Reconozco que la Palabra puede ser predicada o escrita con unción, pero sólo llegará al corazón, primeramente, si es la voluntad de Dios, y segundo, si el terreno que la recibe es fértil. Hay muchos terrenos, según Jesús nos enseñó, en la parábola del sembrador (Mateo 13:3-9). La semilla cayó en diferentes lugares, pero solamente en un lugar dio fruto al treinta, al sesenta, y al ciento por uno. Ojalá que nuestros corazones sean fértiles para recibir la Palabra. Ruego al Señor que pueda encender tu corazón y que la llama
viva de la unción de la Palabra, como un volcán en erupción, estalle en el interior de tu naturaleza nueva, porque el Espíritu de Dios es fuego santo, y él vive en nosotros.

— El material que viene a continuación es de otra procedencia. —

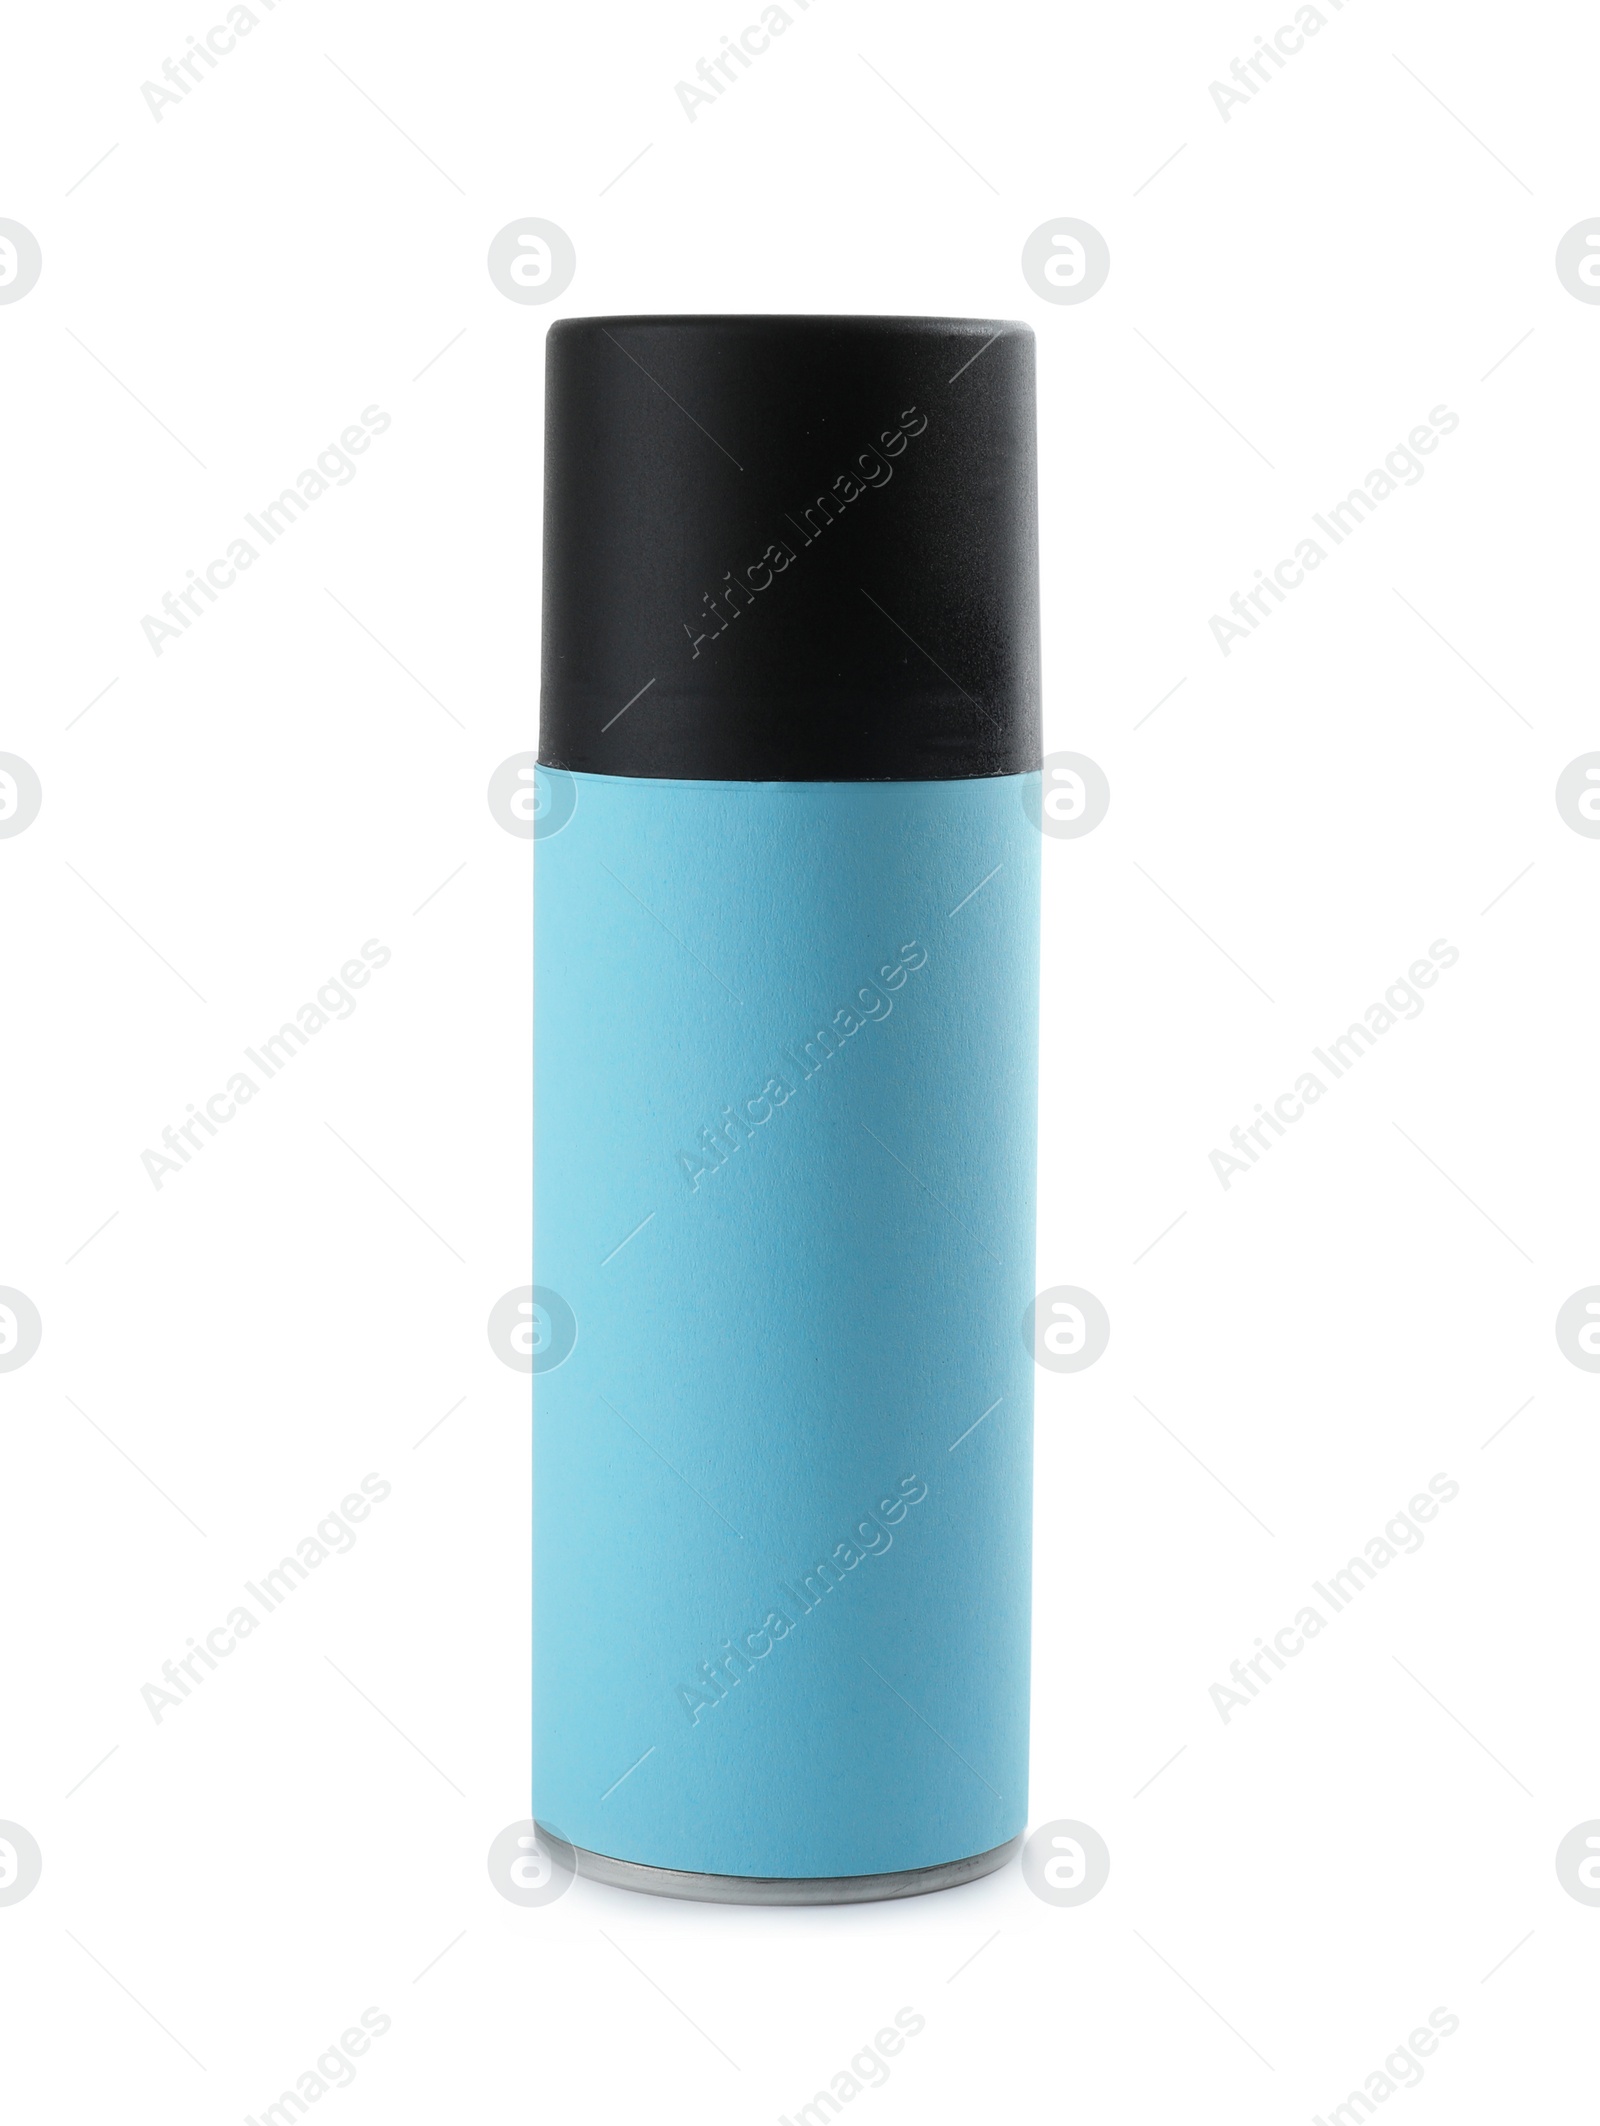 Photo of Closed bottle of spray deodorant on white background

somos un espíritu con el Señor. Hemos sido concebidos por Dios antes de la fundación del mundo. Fuimos salvados por Cristo en la historia, pero engendrados por el Espíritu el día que vino a obrar la salvación en nuestra vida. Es decir, Dios no reformó ni simplemente transformó nuestra vida, sino que creó en nosotros un hombre interior, lo que la Biblia llama una nueva creación (2 Corintios 5:17). Fuimos dotados de una nueva naturaleza, pura y santa, como dice el apóstol Pedro: «... siendo renacidos, no de simiente corruptible, sino de incorruptible, por la palabra de Dios que vive y permanece para siempre» (1 Pedro 1:23).
La Palabra de Dios dice que nuestro hombre interior es según Dios, y de acuerdo a él. Como Dios es Santo, Justo y Verdadero, esa naturaleza posee esas virtudes (Efesios 4:23-24).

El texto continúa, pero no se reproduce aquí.